# Writing data

Your might want to write your data in various output formats. Take a look at the
[Built-in I/O Transforms](https://beam.apache.org/documentation/io/built-in)
page for a list of all the available I/O transforms in Beam.

If none of those work for you, you might need to create your own output transform.

> ℹ️ For a more in-depth guide, take a look at the
[Developing a new I/O connector](https://beam.apache.org/documentation/io/developing-io-overview) page.


## Creating an output transform

The most straightforward way to write data would be to use a `Map` transform to write each element into our desired output format. In most cases, however, this would result in a lot of overhead creating, connecting to, and/or deleting resources.

Instead, most data services are optimized to write _batches_ of elements at a time. Batch writes only connects to the service once, and can load many elements at a time.

Here, we discuss two common ways of batching elements for optimized writes: _fixed-sized batches_, and
_[windows](https://beam.apache.org/documentation/programming-guide/#windowing)
of elements_.

## Writing fixed-sized batches

If the order of the elements _is not_ important, we can simply create fixed-sized batches and write those independently.

We can use
[`GroupIntoBatches`](https://beam.apache.org/documentation/transforms/python/aggregation/groupintobatches)
to get fixed-sized batches. Note that it expects `(key, value)` pairs. Since `GroupIntoBatches` is an _aggregation_, all the elements in a batch _must_ fit into memory for each worker.

> ℹ️ `GroupIntoBatches` requires a `(key, value)` pair. For simplicity, this example uses a placeholder `None` key and discards it later. Depending on your data, there might be a key that makes more sense. Using a _balanced_ key, where each key contains around the same number of elements, may help parallelize the batching process.

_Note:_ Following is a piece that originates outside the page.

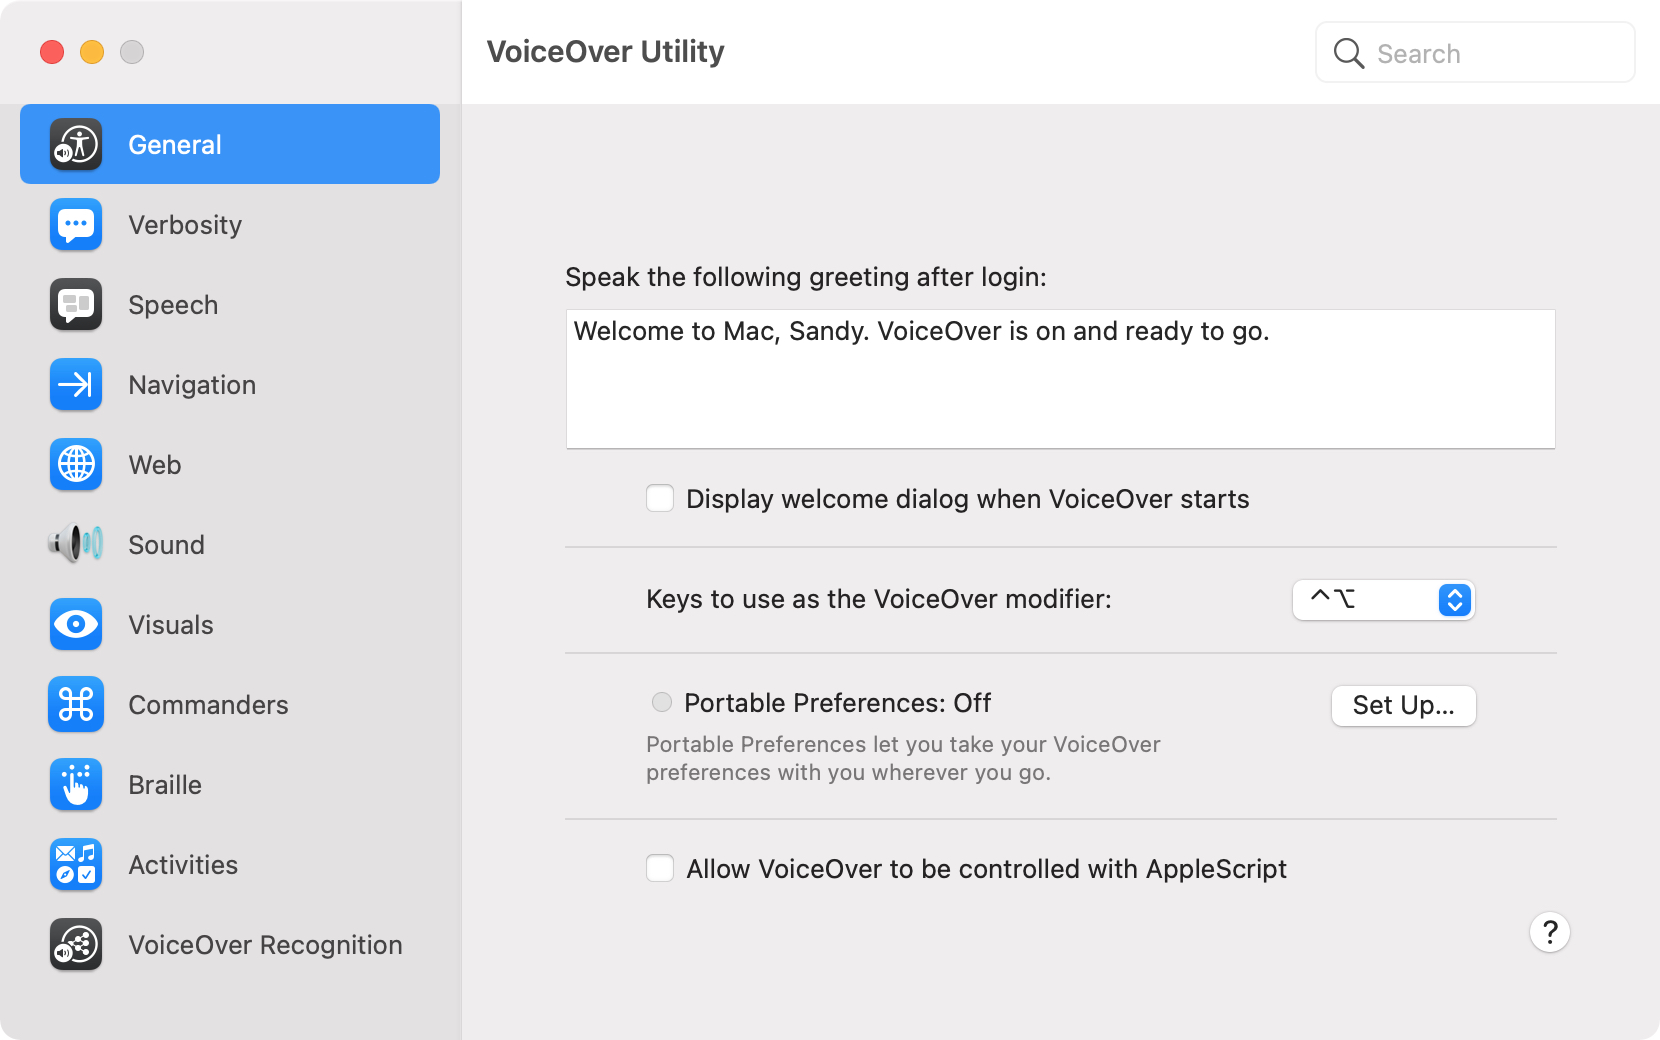 VoiceOver Utility General
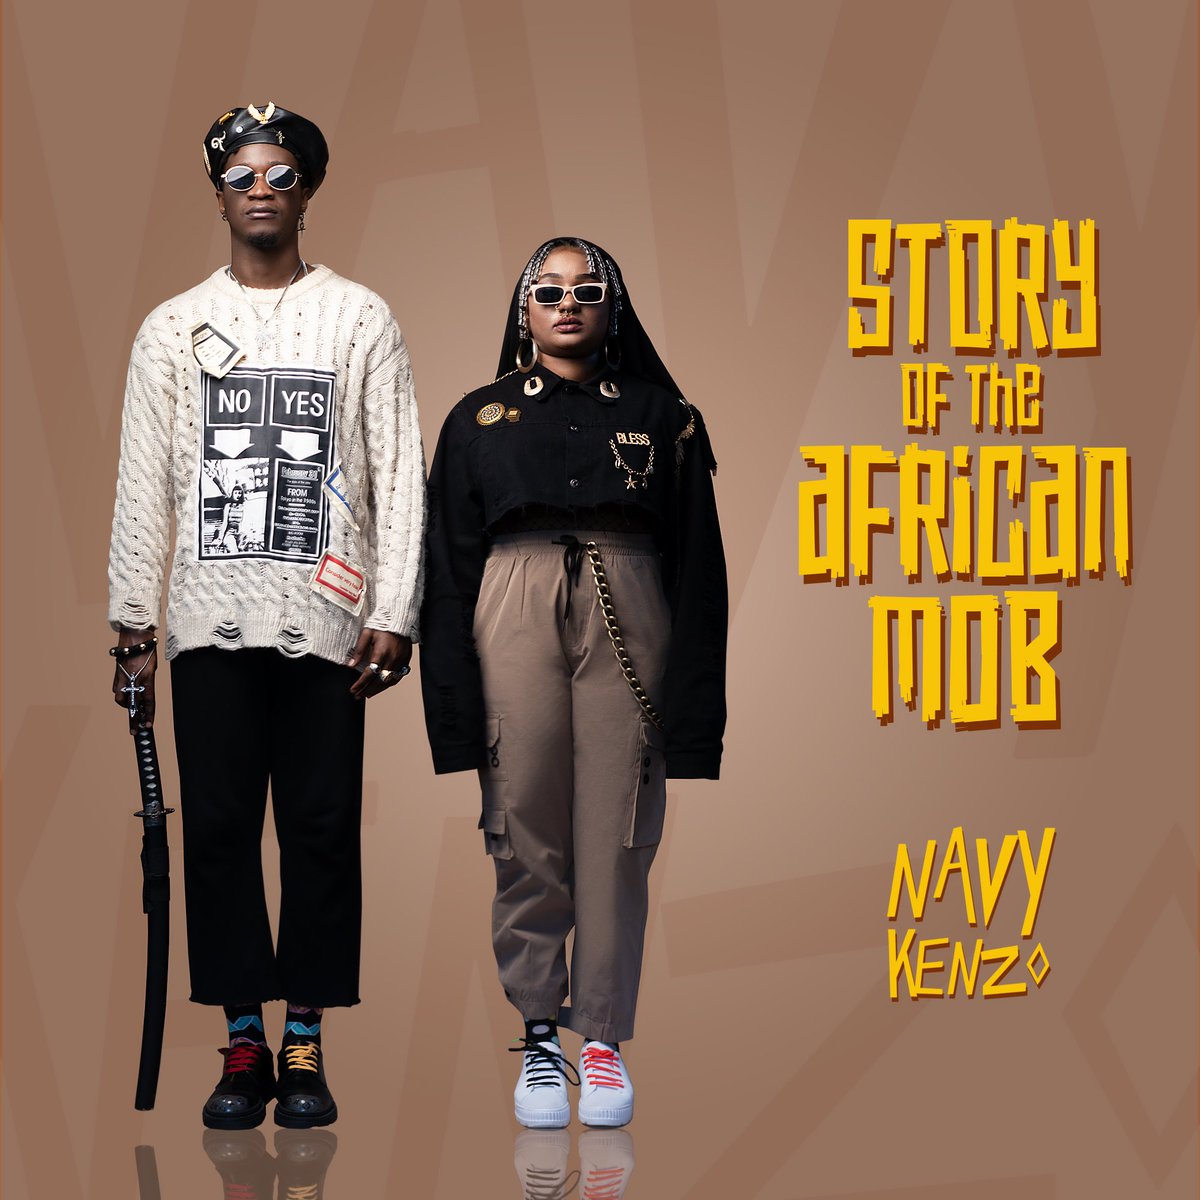 NAVY KENZO Story of The African Mob Album Cover

Let's create something similar to `WriteToText` but keep it simple with a unique identifier in the file name instead of the file count.

In [None]:
import apache_beam as beam
import glob
import os
import uuid

class WriteBatchesToFiles(beam.PTransform):
  def __init__(self, file_name_prefix, file_name_suffix, batch_size):
    self.file_name_prefix = file_name_prefix
    self.file_name_suffix = file_name_suffix
    self.batch_size = batch_size

  @staticmethod
  def write_file(lines, file_name_prefix, file_name_suffix):
    file_name = f"{file_name_prefix}-{uuid.uuid4().hex}{file_name_suffix}"
    with open(file_name, 'w') as f:
      for line in lines:
        f.write(f"{line}\n")

  def expand(self, pcollection):

    return (
        pcollection
        # For simplicity we key with `None` and discard it.
        | 'Key with None' >> beam.WithKeys(lambda _: None)
        | 'Group into batches' >> beam.GroupIntoBatches(self.batch_size)
        | 'Discard key' >> beam.Values()
        | 'Write file' >> beam.Map(
            self.write_file,
            file_name_prefix=self.file_name_prefix,
            file_name_suffix=self.file_name_suffix,
        )
    )

output_file_name_prefix = 'outputs/batch'
file_name_suffix = '.txt'
# Remove existing files matching the output file_name pattern.
for f in glob.glob(f"{output_file_name_prefix}*{file_name_suffix}"):
    os.remove(f)
with beam.Pipeline() as pipeline:
  (
      pipeline
      | 'Create file lines' >> beam.Create([
          '1 Each element must be a string.',
          '2 It writes one element per line.',
          '3 There are no guarantees on the line order.',
          '4 The data might be written into multiple files.',
          '5 The data might be written into multiple files.',
      ])
      | 'Write batches to files' >> WriteBatchesToFiles(
          output_file_name_prefix,
          file_name_suffix=file_name_suffix,
          batch_size=2,
      )
  )

In [None]:
# Lets look at the output files and contents.
!head outputs/batch*.txt